Kratzke also testified in his deposition that, in his view, individual cells cannot, by definition, be injured, because "injury" is a term that he reserves for major systemic diseases and traumas. Nevertheless, he acknowledged that other physicians do speak in terms of "damage" being done to cellular DNA. He also agreed that the term "injury" is too ambiguous to be medically useful when talking about changes to cellular DNA, and he acknowledged that the lung cells of a person who has been exposed to asbestos fibers are not "normal," even during the pre-malignancy period when cancer progenitor cells are accumulating mutations.

Kratzke's opinions, then, were of two types. Empirically, he conceded that asbestos fibers harm the lungs in various ways, almost from the outset. Asbestos causes tissue inflammation, cellular division, and the release of toxins, all of which contribute to and are a but-for cause of the eventual development of asbestos related malignancies in neighboring cells. Semantically, however, Kratzke indicated that oncologists such as himself would not characterize such harms as "injuries" or "diseases" until such time as the cellular damage actually manifests as a malignancy.

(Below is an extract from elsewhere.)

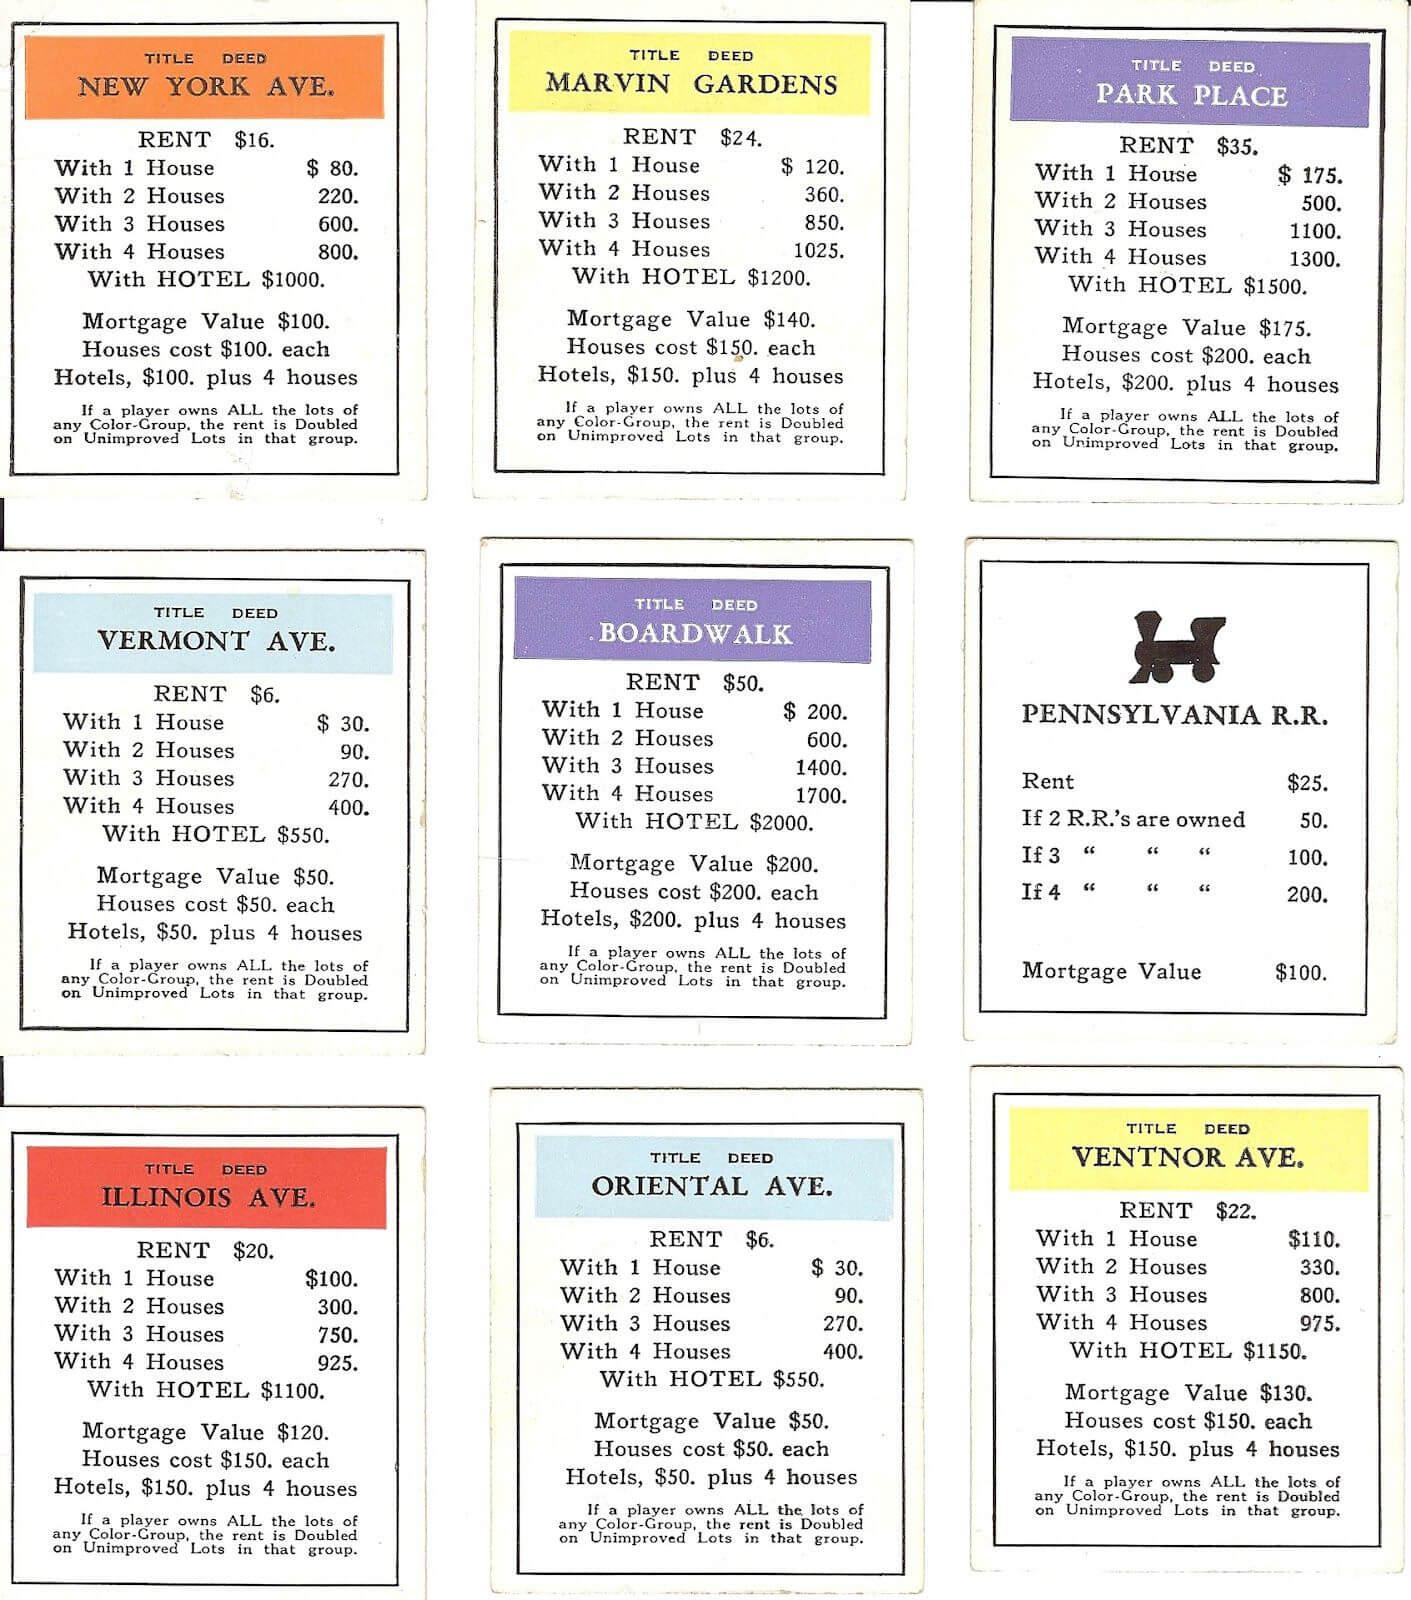 Free Vintage Digital Stamps**: Free Vintage Ephemera With Monopoly Property Card Template

As we already have explained, there is no indication that the term "injury," as used in a comprehensive general liability policy, is intended to be a medical term of art, much less a term of art specific to the subspecialty of medical oncology. Moreover, as a number of our sister courts have recognized, and as Kratzke himself appeared to acknowledge, at what point cellular damage caused by a carcinogen such as asbestos begins to qualify as an injury or disease is a matter of perspective even among medical experts. From the standpoint of oncologists such as Kratzke, whose job it is to diagnose and treat active tumors, there is no injury, sickness, or disease until damage goes beyond the cellular level and begins to affect entire organ systems. Kratzke explained that he uses the term "injury" only with reference to "gross injur [ies] such as ... [when] somebody has had their finger cut off [or] somebody has been in a car accident and tissues have been grossly disrupted." By contrast, cellular biologists and pathologists, whose job it is to study cellular structures and functions, recognize that the types of damage that asbestos fibers inflict at the cellular level are also fairly characterized as injuries. Because there is no indication that the term "injury" as used in a standard form commercial general liability policy is intended to be limited to gross injuries of the type described by Kratzke, we conclude that his testimony as to the distinctive meaning that clinical oncologists place on that and other contract terms would not illuminate our interpretation thereof. Instead, we look to the ordinary dictionary definitions of those terms. See Heyman Associates No. 1 v. Ins. Co. of Pennsylvania , supra, 231 Conn. at 772, 653 A.2d 122.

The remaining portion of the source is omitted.